On Thu, Feb 8, 2024 at 6:33 PM Hayato Kuroda (Fujitsu)
<kuroda.hayato@fujitsu.com> wrote:
>
> Dear Sawada-san,
>
> Thanks for making v3 patchset. I have also benchmarked the case [1].
> Below results are the average of 5th, there are almost the same result
> even when median is used for the comparison. On my env, the regression
> cannot be seen.
>
> HEAD (1e285a5) HEAD + v3 patches difference
> 10910.722 ms 10714.540 ms around 1.8%
>
Thank you for doing the performance test!
> Also, here are mino comments for v3 set.
>
> 01.
> bh_nodeidx_entry and ReorderBufferMemTrackState is missing in typedefs.list.
Will add them.
>
> 02. ReorderBufferTXNSizeCompare
> Should we assert {ta, tb} are not NULL?
Not sure we really need it as other binaryheap users don't have such checks.
On Tue, Feb 6, 2024 at 2:45 PM Hayato Kuroda (Fujitsu)

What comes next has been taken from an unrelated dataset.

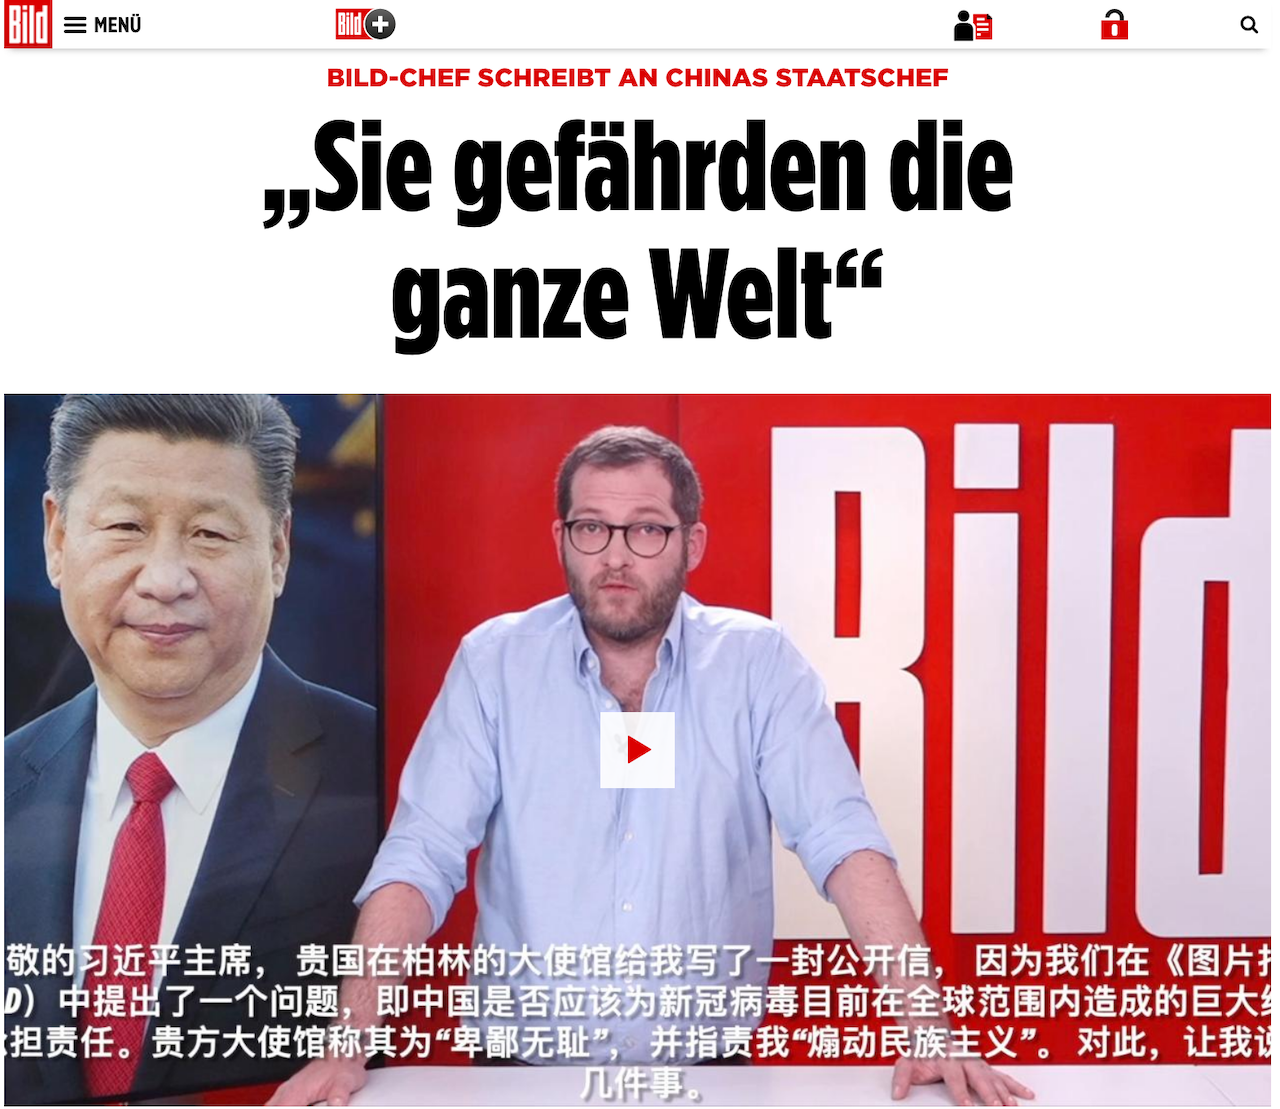 中國遭歐洲銷量冠軍報紙德國《畫報》痛擊

<kuroda.hayato@fujitsu.com> wrote:
>
> > I've run a benchmark test that I shared before[1]. Here are results of
> > decoding a transaction that has 1M subtransaction each of which has 1
> > INSERT:
> >
> > HEAD:
> > 1810.192 ms
> >
> > HEAD w/ patch:
> > 2001.094 ms
> >
> > I set a large enough value to logical_decoding_work_mem not to evict
> > any transactions. I can see about about 10% performance regression in
> > this case.
>
> Thanks for running. I think this workload is the worst and an extreme case which
> would not be occurred on the real system (Such a system should be fixed), so we
> can say that the regression is up to -10%. I felt it could be negligible but how
> do other think?
I think this performance regression is not acceptable. In this
workload, one transaction has 10k subtransactions and the logical
decoding becomes quite slow if logical_decoding_work_mem is not big
enough. Therefore, it's a legitimate and common approach to increase
logical_decoding_work_mem to speedup the decoding. However, with thie
patch, the decoding becomes slower than today. It's a bad idea in
general to optimize an extreme case while sacrificing the normal (or
more common) cases.
Therefore, I've improved the algorithm so that we don't touch the
max-heap at all if the number of transactions is small enough. I've
run benchmark test with two workloads:
workload-1, decode single transaction with 800k tuples (normal.sql):
* without spill
HEAD: 13235.136 ms
v3 patch: 14320.082 ms
v4 patch: 13300.665 ms
* with spill
HEAD: 22970.204 ms
v3 patch: 23625.649 ms
v4 patch: 23304.366
workload-2, decode one transaction with 100k subtransaction (many-subtxn.sql):
* without spill
HEAD: 345.718 ms
v3 patch: 409.686 ms
v4 patch: 353.026 ms
* with spill
HEAD: 136718.313 ms
v3 patch: 2675.539 ms
v4 patch: 2734.981 ms
Regards,
--
Masahiko Sawada
Amazon Web Services: https://aws.amazon.com